*** DATASET EXCERPT ***

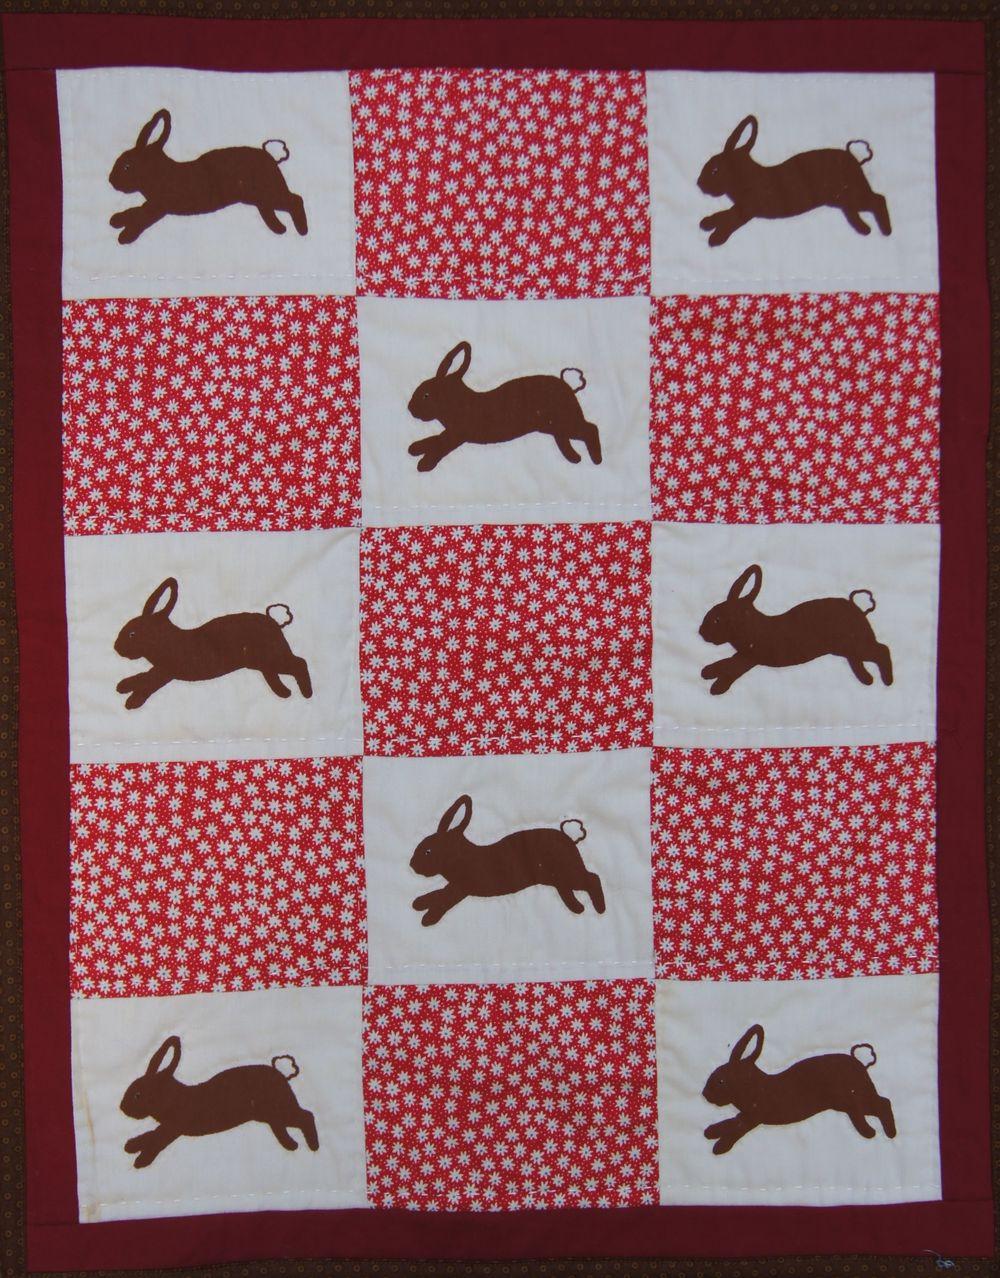 Quilt Bunny Hopping Joy Quilt.jpg
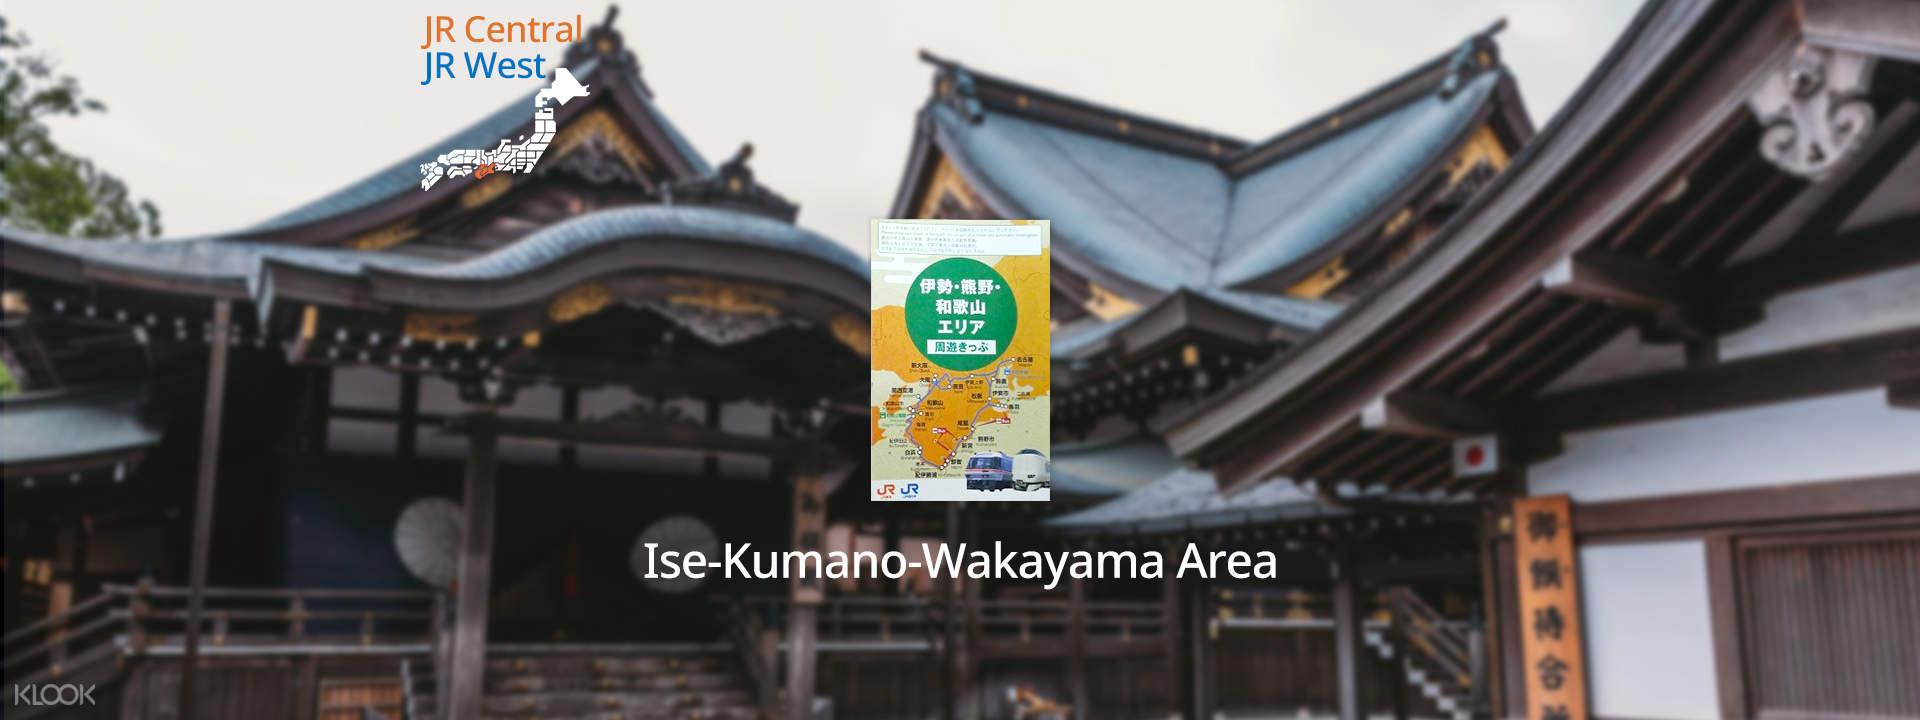 5 Day JR Osaka - Nagoya 'Ise-Kumano-Wakayama Area Tourist
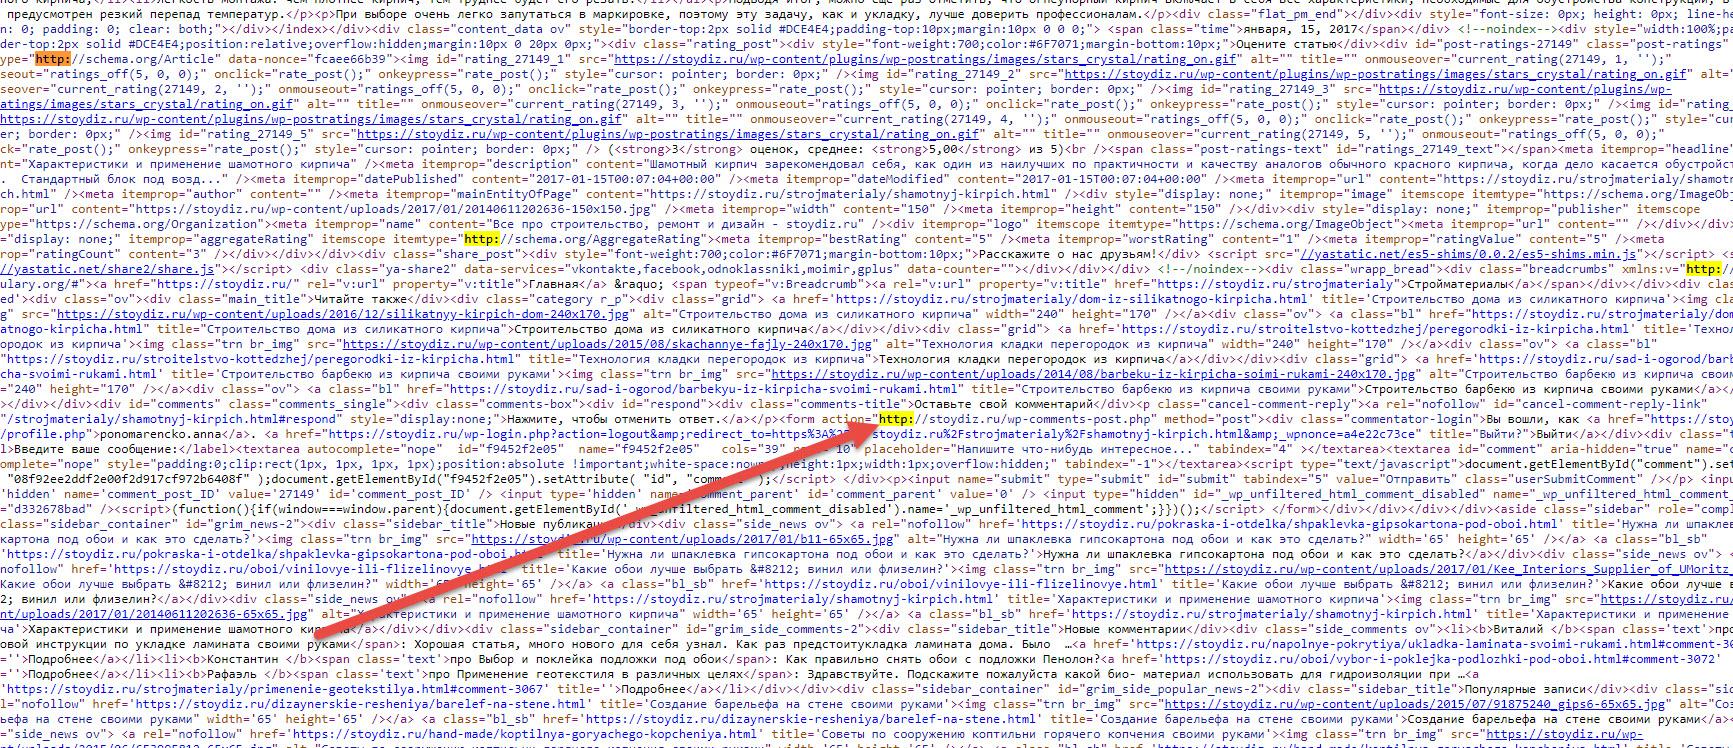 Миксконтент в исходном коде

*** End of DATASET EXCERPT ***

= REQUIREMENT =
All lines above must be repeated exactly, and the pictures must be omitted.

= RESULT FOR THIS EXERCISE =
 Quilt Bunny Hopping Joy Quilt.jpg
 5 Day JR Osaka - Nagoya 'Ise-Kumano-Wakayama Area Tourist
 Миксконтент в исходном коде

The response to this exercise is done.